天下分け目の「関ケ原合戦」関連本が並ぶ特設コーナー=小松島市日開野町の平惣小松島店

 天下分け目の戦い「関ケ原合戦」(1600年)を描いた大作映画「関ヶ原」(原田眞人監督)の公開をきっかけに、徳島県内の書店などでは原作となった司馬遼太郎の同名小説(上中下巻・新潮文庫)を中心に関連本が人気を集めている。東西両軍を率いた徳川家康、石田三成をはじめ、戦国の終焉(しゅうえん)期に生き残りを懸けた武将たちの人間ドラマに、幅広い世代が関心を寄せているようだ。

 映画はシネマサンシャイン北島、イオンシネマ徳島で公開中。全国では公開2日間で約31万人を動員し、配給の東宝は30億円以上を最終目標に置く。

 県内8店舗を展開する平惣(本店阿南市)によると、司馬遼太郎の原作「関ヶ原」は映画公開の2週間ほど前から、通常の10倍のペースで売り上げが伸びたという。

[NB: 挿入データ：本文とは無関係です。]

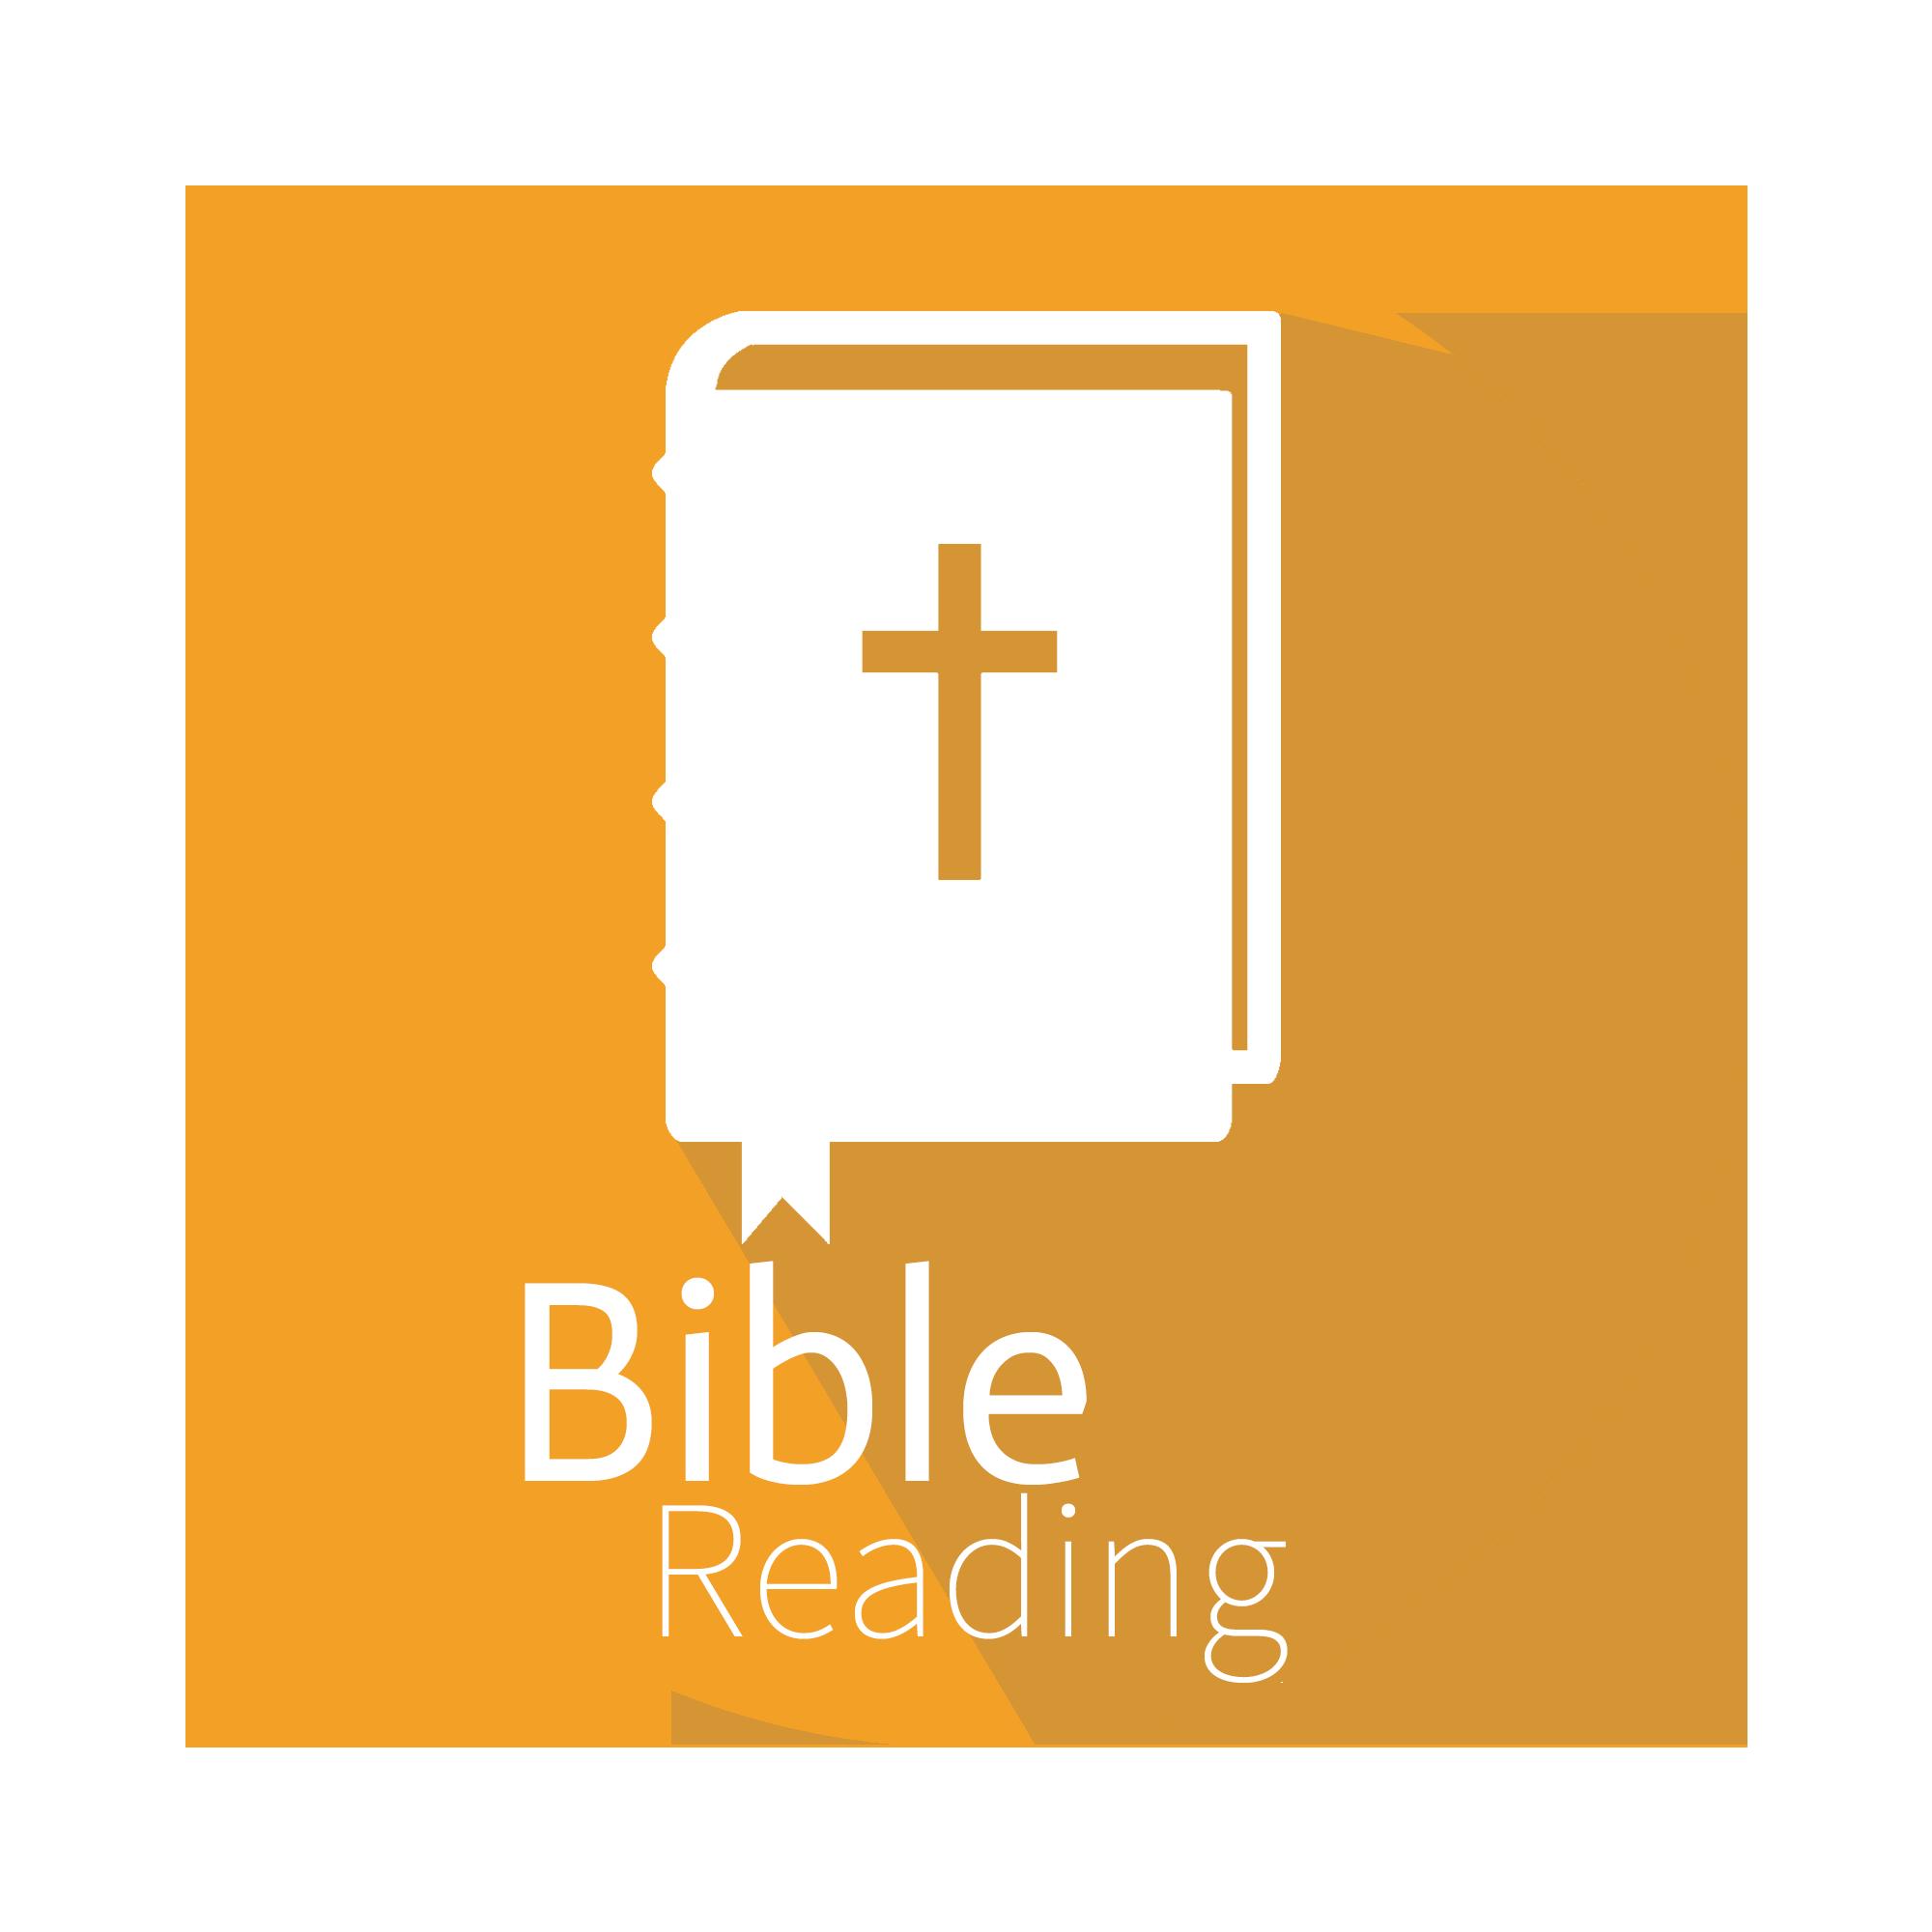 BibleReading.png

 平惣小松島店(小松島市日開野町)は、相次ぎ出版される関連本を特設コーナーで紹介。「関ヶ原の戦い 東西名将読本」(宝島社)や「よくわかる関ヶ原」(英和出版)などが並ぶ。葉室麟、冲方丁ら人気作家によるオムニバス形式「決戦!関ヶ原」(講談社)が特に人気という。

 県内でレンタルDVD、書籍販売のTSUTAYAチェーンを統括するアビック(北島町)でも、各店舗で司馬本などの売り上げが伸びている。

 こうした歴史本ブームは、それまで注目度の低かった「応仁の乱」を取り上げてベストセラーとなった呉座勇一著「応仁の乱 戦国時代を生んだ大乱」(中公新書)でも起きており、関係者は二匹目のどじょう狙いのそろばんをはじく。

 映画では全く描写されていないが、関ケ原の戦いは近世徳島の歴史にも大きく関わっている。

 当時阿波国の領主だった蜂須賀家政は、東西両軍から誘いをかけられて思い悩んだ末、領地を豊臣家に返上。自らは高野山に隠居し、15歳の長男至鎮(よししげ)をわずか18騎で東軍に参陣させた。戦後、その功が家康に認められ、改めて阿波国を与えられている。このため蜂須賀家では家政を「藩祖」、至鎮を「初代藩主」と呼び習わしてきた。

 戦国武将に詳しい四国大文学部の須藤茂樹教授(日本中近世史)は「蜂須賀家も存亡を懸け、関ケ原の戦いを巡る外交交渉などに奔走していた。蜂須賀家が時代の節目にどのように動いたかに思いをはせるのも、面白いのでは」と話している。